Screenshot from 2022-11-04 16-03-34.png

The terminal shows us four columns.

  • PID - Process ID

  • TTY – 'Controlling Terminal' of the process. Most Processes we run are associated with a terminal. The ID of that terminal is written in the TTY.

  • TIME – Total CPU Usage Time a Process is taking

  • CMD – CMD (Command) is the name of the executable command/program currently running in the system.

If you open another terminal window while the first one is still open and run the ps command, the TTY value will change from 0 to 1.

Screenshot from 2022-11-07 17-02-57.png

ps aux command

In the ps aux command, a, u, and x are the flags of the ‘ps’ command.

  • a – All the processes, even the ones run by other users
  • u – More details about the processes
  • x – All the processes, even the ones running in the background with no associated terminal (TTY).

If you run the ps aux command, it opens a large output with more rows and columns.

Screenshot from 2022-11-07 17-05-15.png

  • USER – Every Process has an owner.
  • PID – Process ID.
  • %CPU – Percentage of CPU time a Process is taking.
  • %MEM – Percentage of Memory a process takes out of the entire physical memory of the system.
  • VSZ – When a Process starts up, Virtual Memory Usage or VSZ is the maximum memory in kb available to the entire Process. It can use some portion or all of the allocated memory but not more.
  • RSS – The amount of memory in kb currently used by the process out of the total VSZ.
  • TTY – Earlier, we saw the TTY column only consisted of values like ‘pts/o’ or ‘pts/1’, but now it also has ‘?’, ‘tty2’, and ‘tty3’ as the values. ‘?’ means no terminal associated. We’ll understand the other values below in the Controlling Terminal section.
  • STAT – This tells us the process status.
  • START – The exact time a process started.
  • TIME – Total CPU Usage Time a process is taking.
  • CMD – Name of the command/program.

top command

If you run the top command, this will show the real-time version of the ps aux data and much more. Here the values keep fluctuating based on what happens in the system. Press q to get back to the terminal.

Screenshot from 2022-11-07 18-06-36.png

The top command helps us to find out what processes might be slowing down or affecting the system in any other way.

Controlling Terminal (terminal and pseudo-terminal)

Earlier in the TTY section of ps aux, we saw two types of values.

Tty1, tty2 or tty3 – Regular Terminal

pts/0 or pts/1 - Pseudo Terminal

A regular Terminal is a terminal that has no graphics associated with it. It is only a shell where you can only use a keyboard to type commands without any GUI elements. Type ‘Ctrl+Alt+F3' to access TTY3, and to exit type ‘Alt+left arrow’.

The processes not associated with any terminal and run without it are known as Daemon Processes. They start when the system boots up and terminate when it shuts down. The daemon processes run in the background, ensuring our system runs fine. We do not want them to close, as our system might crash without them. That is the reason they are not associated with a controlling terminal.

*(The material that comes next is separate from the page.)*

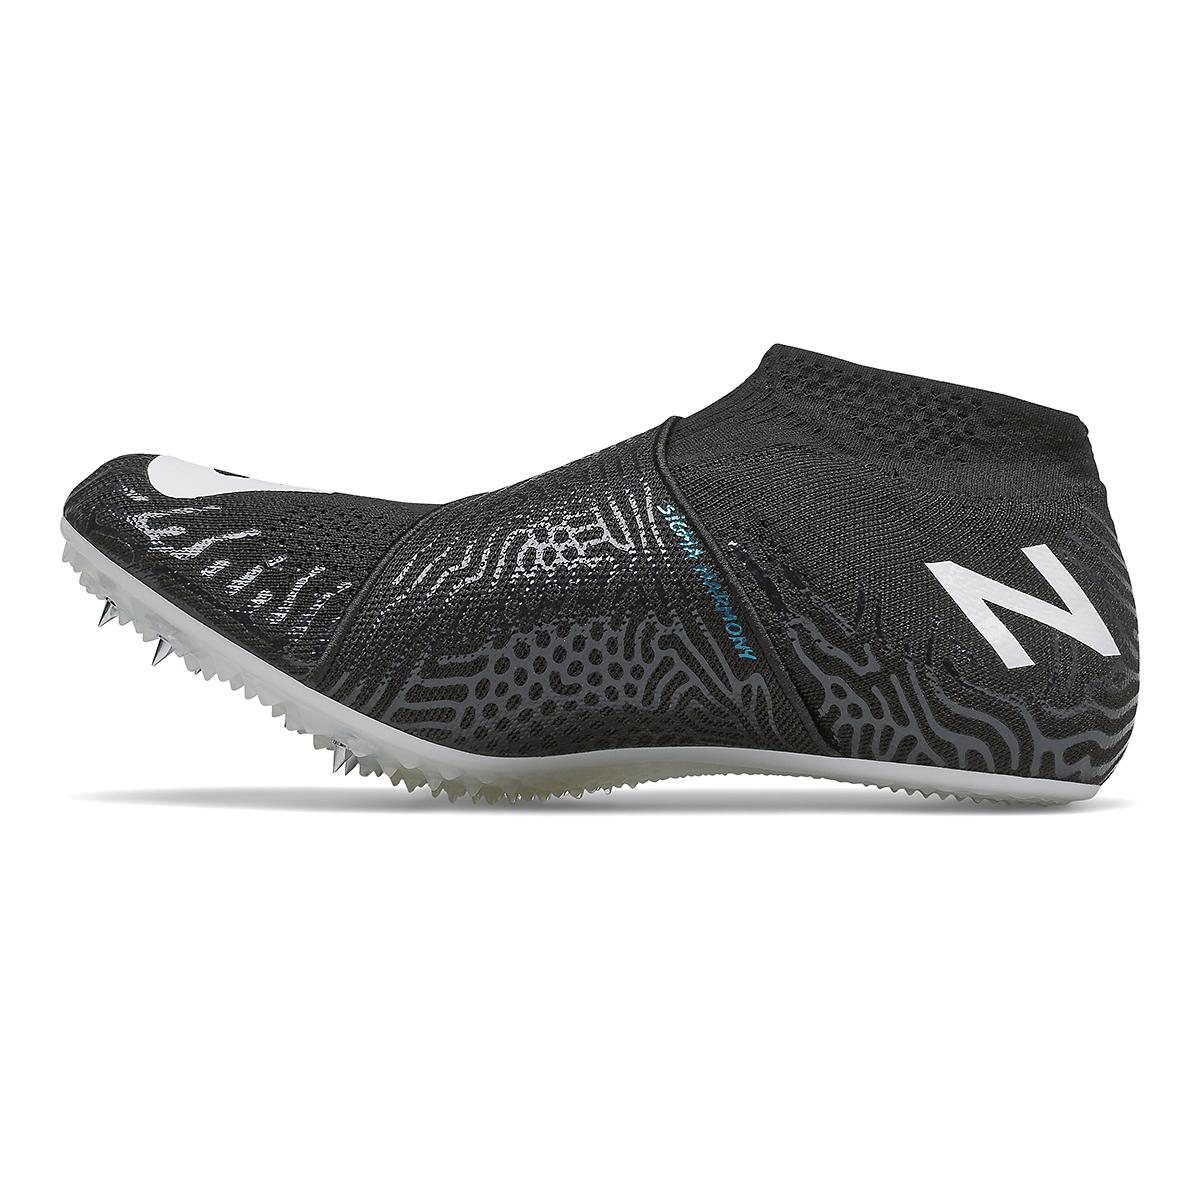 Men's New Balance Sigma Harmony V2 Track Spikes - Color: Black/White - Size: 4.5 - Width: Regular, Black/White, large, image 2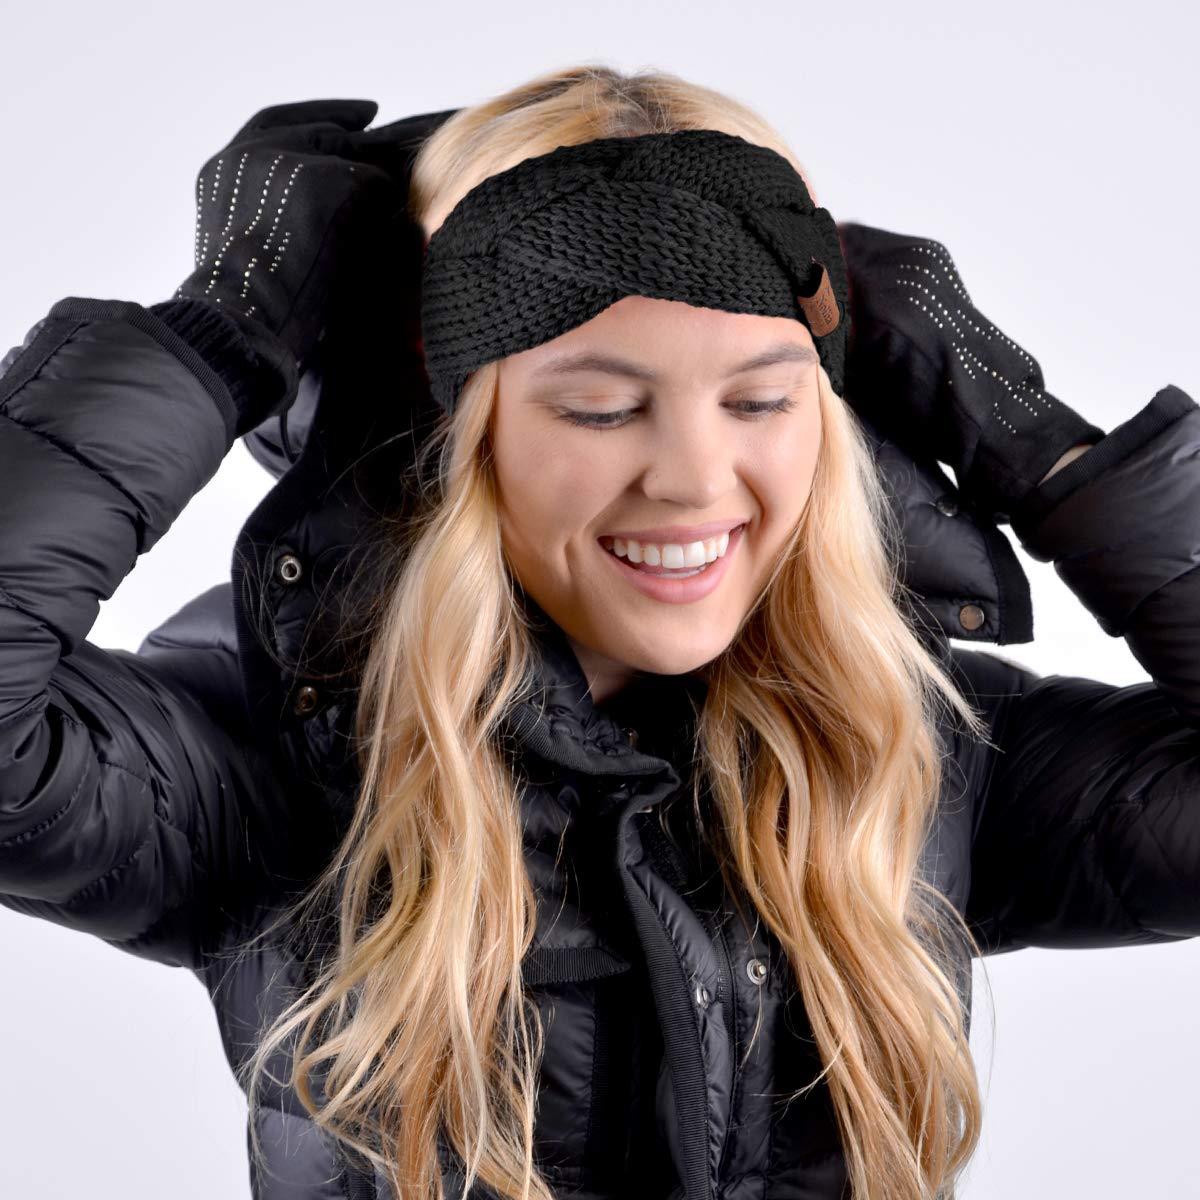 Nollia Braided Knit Winter Head Band Ear Muff Head Wrap Warmer for Women

All the processes in the ps aux output with ‘?’ under the TTY column are essential processes without any associated terminal. Because if we accidentally close a terminal that is running one of them, our system will crash.

Processes are an instance of a Program

Open three terminals and execute thecat command in two of them with or without an argument. And in the third one, execute ps aux | grep cat where you are transferring the output of ps aux to the grep command that will search the input for ‘cat’ and show output in the terminal with all the lines that contain ‘cat’.

Screenshot from 2022-11-08 13-46-52.png

Notice that there are two instances of cat, one running in pts/1 and the other in pts/2. Although both terminals execute the same command or program, we still have two instances. If you close the other two terminals, there will be no instances of cat running in pseudo-terminals anymore. This example proves that ‘processes’ are instances of a running program. We can have as many instances of a program in our system as we want.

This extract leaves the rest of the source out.